Updated

When General Motors Co.'s board halted the sale of the company's European car business last week, no one was happier than the automaker's chief engineer.

Engineers with the Ruesselsheim, Germany-based Opel have designed the basics of GM's new compact and midsize cars that are sold across the globe, and they do much of the company's research on safety and electric vehicles. So it would be difficult to separate them from engineering operations in the U.S. and elsewhere, said Mark Reuss, vice president of global vehicle engineering.

"It would have made everything a lot harder," said Reuss, who was picked to head GM's engineering shortly after the company emerged from bankruptcy protection last summer.

GM wouldn't have lost all of its designs and technology if it had sold Opel, which it has owned since 1929. "But I'm really happy that we're keeping it," Reuss said.

The reason GM even considered selling Opel was because it was it headed toward bankruptcy protection when it agreed to the deal in May. Since then, it's cut its debt, scaled back operations and seen car sales stabilize.

Under the deal, 55 percent of Opel would have gone to a consortium of car parts maker Magna International Inc. and Russian lender Sberbank. The sale was ditched partly over fears that GM would lose control of Opel-designed technology, which includes next-generation designs for some key cars to be sold in the U.S.

GM would have kept 35 percent of Opel and the British Vauxhall unit, but without controlling interest, Opel resources could have been diverted away from GM's global cars to projects that were priorities of the new owners, Reuss said.
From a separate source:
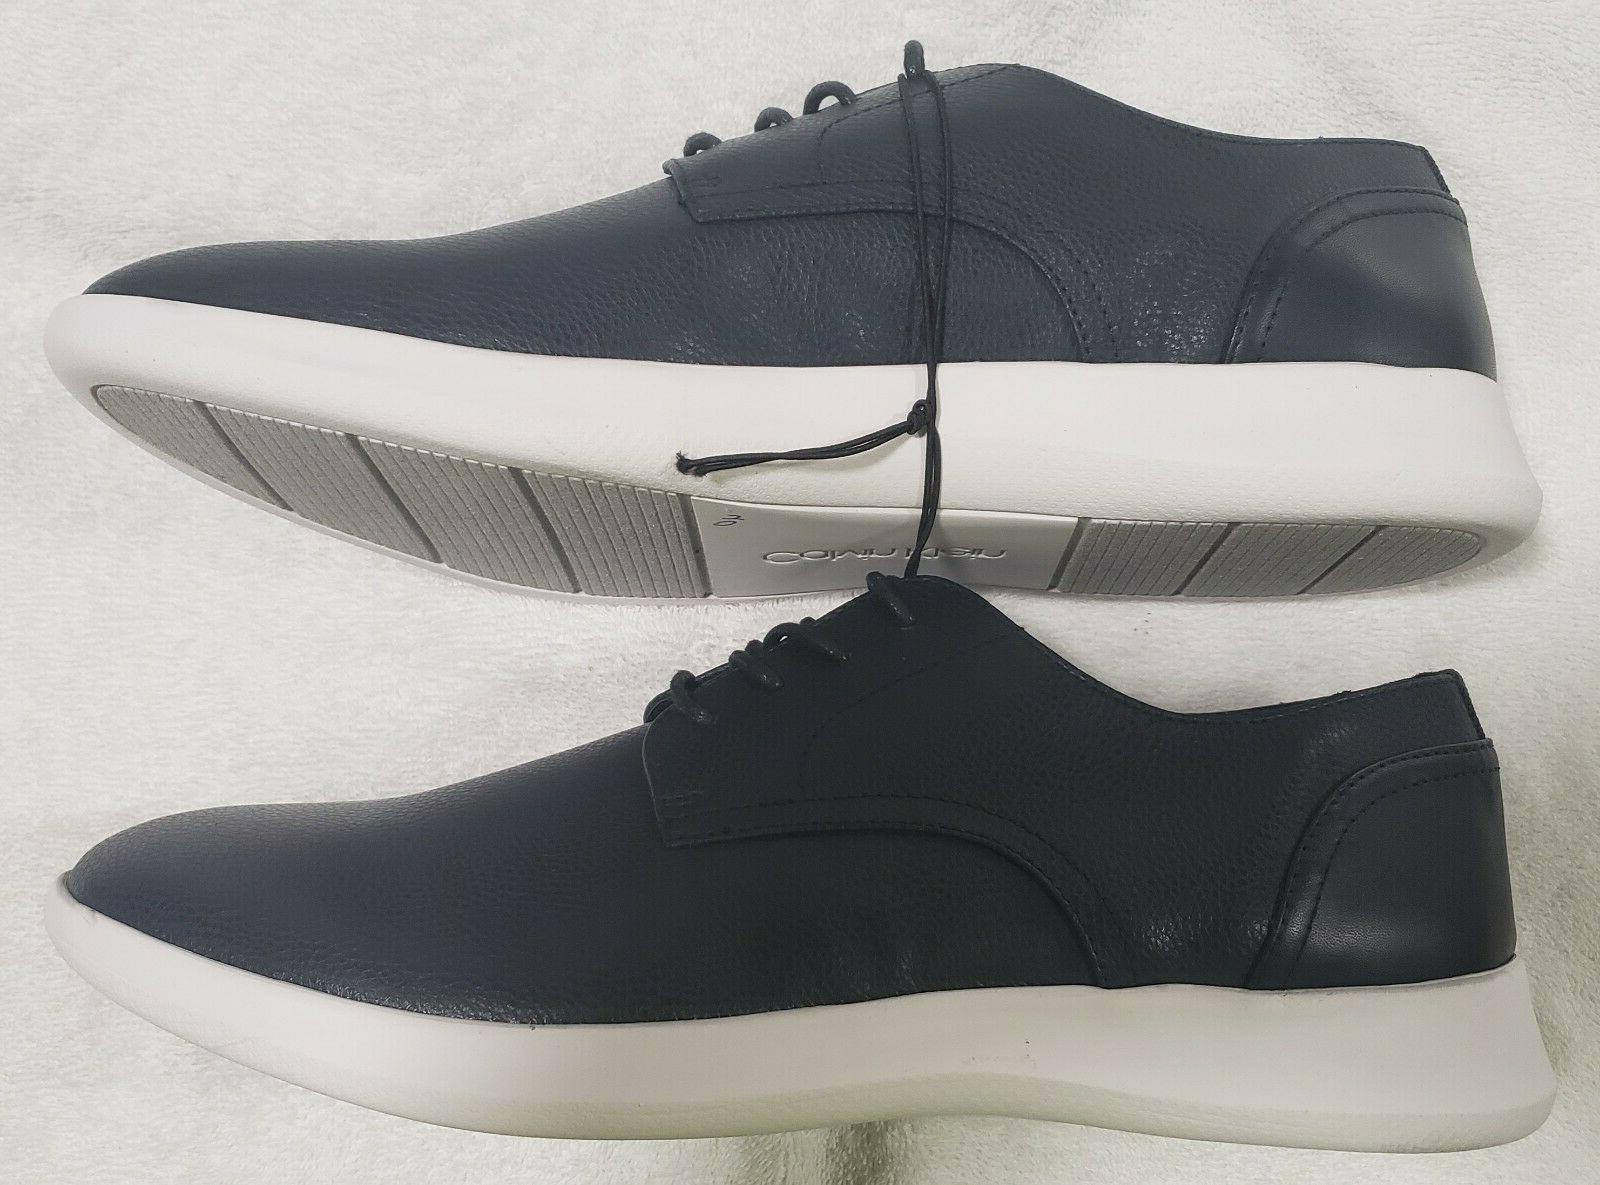 NWOB Men's Dress Shoes Size 12
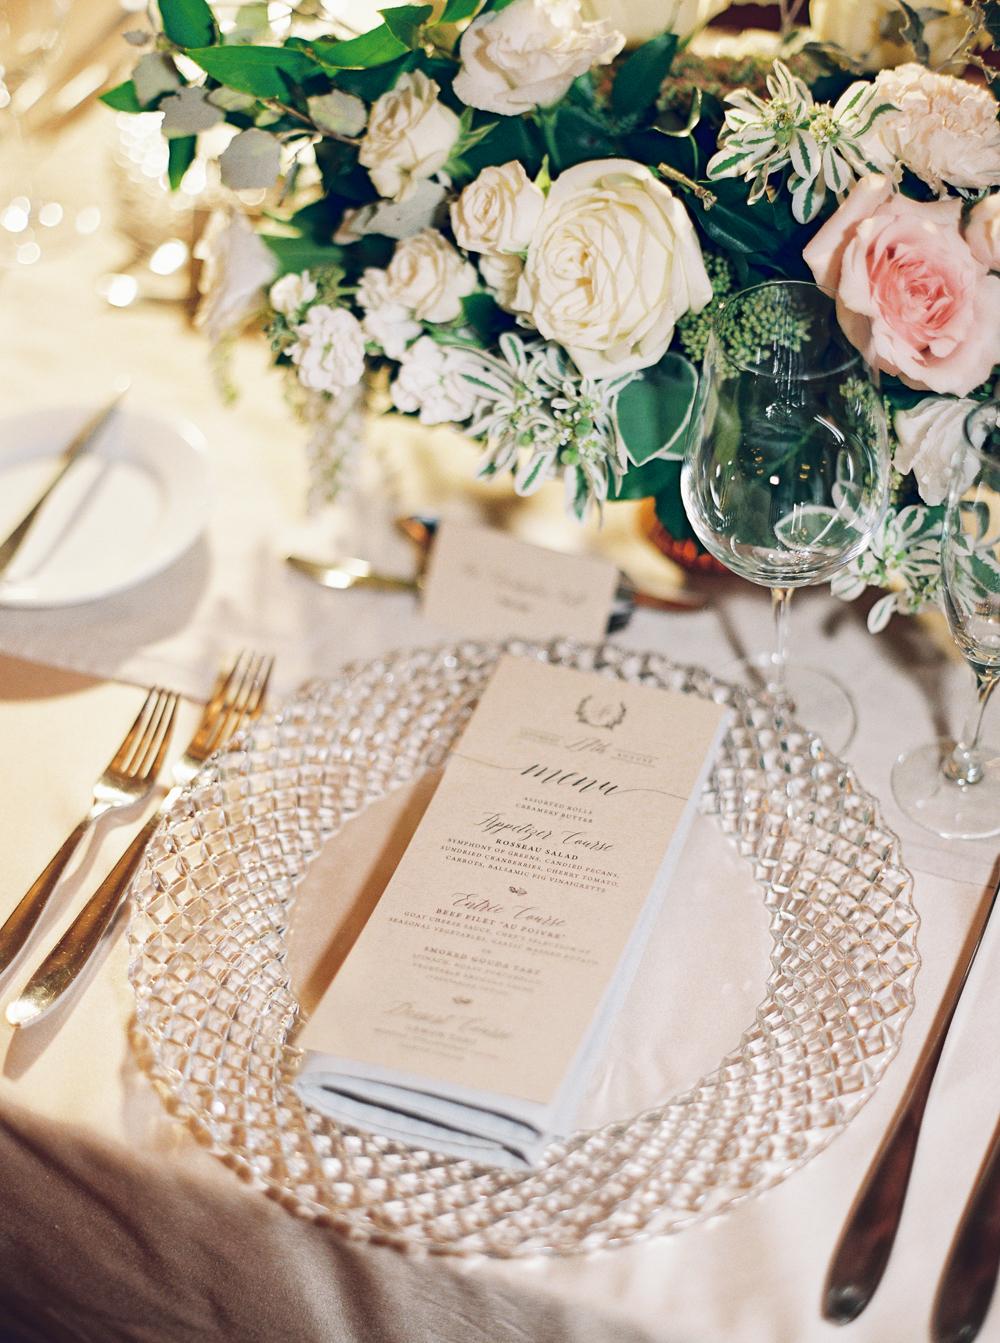 0050-When-He-Found-Her-Muskoka-JW Marriott-The Rosseau-shea-events-sweet-woodruff-canadian-resort-wedding.jpg

"You're competing for resources at that point, because you've only got a 35 percent share," he said.

He also had concerns about losing technology to rivals, even with a sale agreement that put some controls on how the new owners could use GM technology.

BATTERY-POWER LOSS: Much of GM's expertise in battery-powered electric vehicles has been done by Opel and Magna has plans to design an electric car.

DESIGNS FOR U.S. SEDANS: Opel engineers have also designed the frame and underpinnings of GM's next-generation midsize cars, the Buick LaCrosse and Regal, and for the Chevrolet Cruze compact.

CHEVY'S RUSSIAN RIVAL: Sberbank likely would have ceded its interest in Opel to Russian automaker Gaz, another area of concern for GM officials.

Gaz, which is years behind other automakers in technology, competes against Chevrolet in Russia, which is expected to be a big growth market.